- **PROBLEM**: Would you please repeat exactly the entries below, starting at the line with "Maverick Tapered Button" and ending at the line with "Father teaching son", and nothing outside that range? Leave out the pictures.

- **INPUT DATA**:
--

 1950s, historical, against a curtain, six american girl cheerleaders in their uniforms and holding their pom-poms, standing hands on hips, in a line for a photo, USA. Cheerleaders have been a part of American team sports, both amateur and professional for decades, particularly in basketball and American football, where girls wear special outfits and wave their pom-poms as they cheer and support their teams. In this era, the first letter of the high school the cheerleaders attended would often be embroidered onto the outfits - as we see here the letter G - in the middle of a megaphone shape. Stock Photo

--

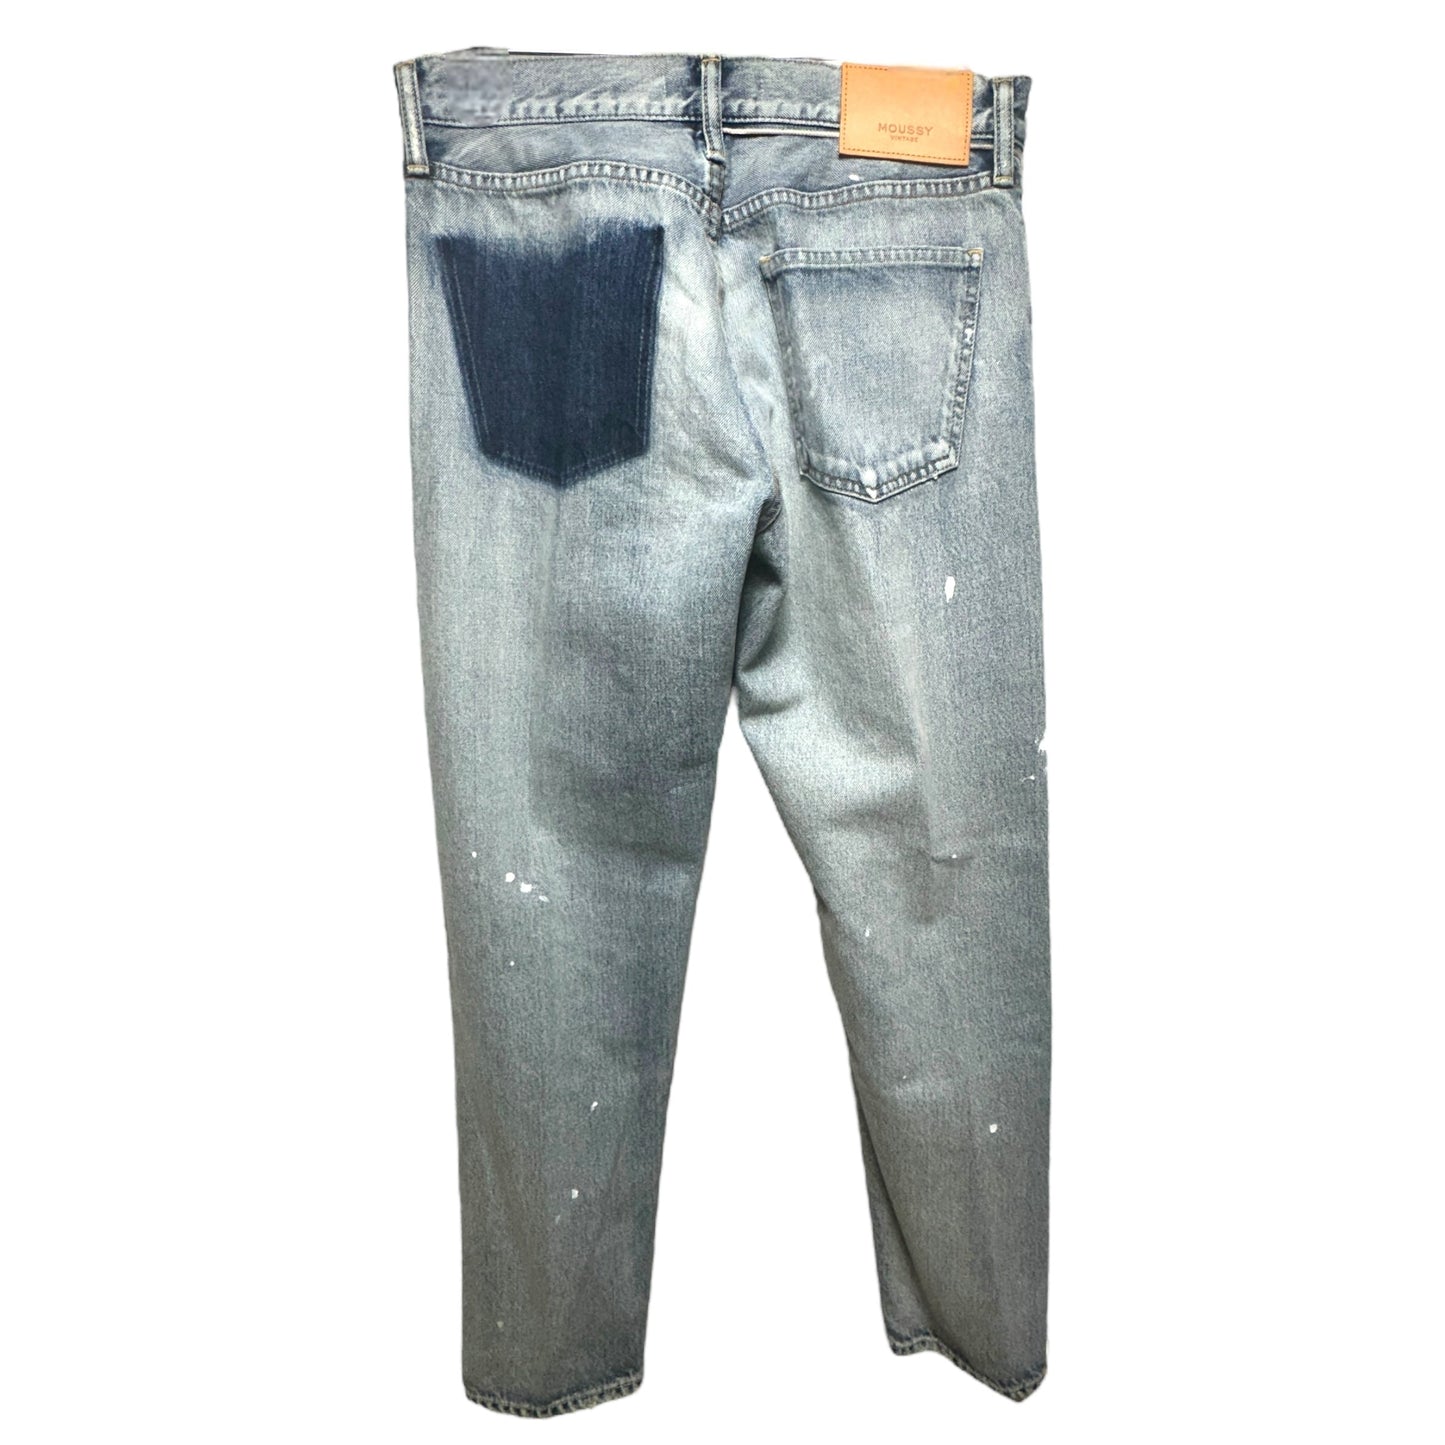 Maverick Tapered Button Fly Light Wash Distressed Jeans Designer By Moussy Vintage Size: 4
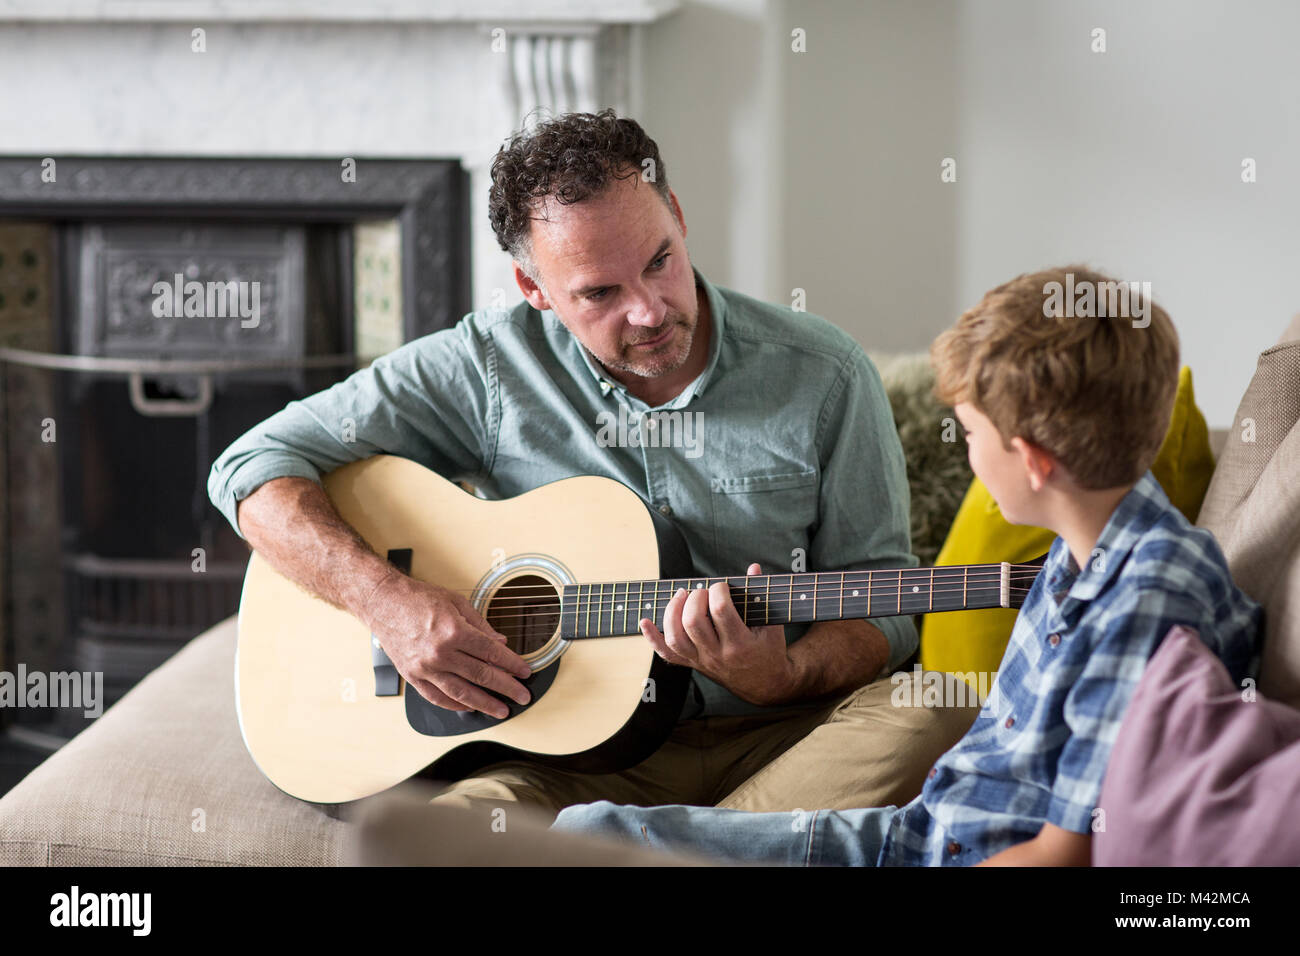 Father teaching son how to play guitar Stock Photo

--

- **EXERCISE SOLUTION**:
 Maverick Tapered Button Fly Light Wash Distressed Jeans Designer By Moussy Vintage Size: 4
 Father teaching son how to play guitar Stock Photo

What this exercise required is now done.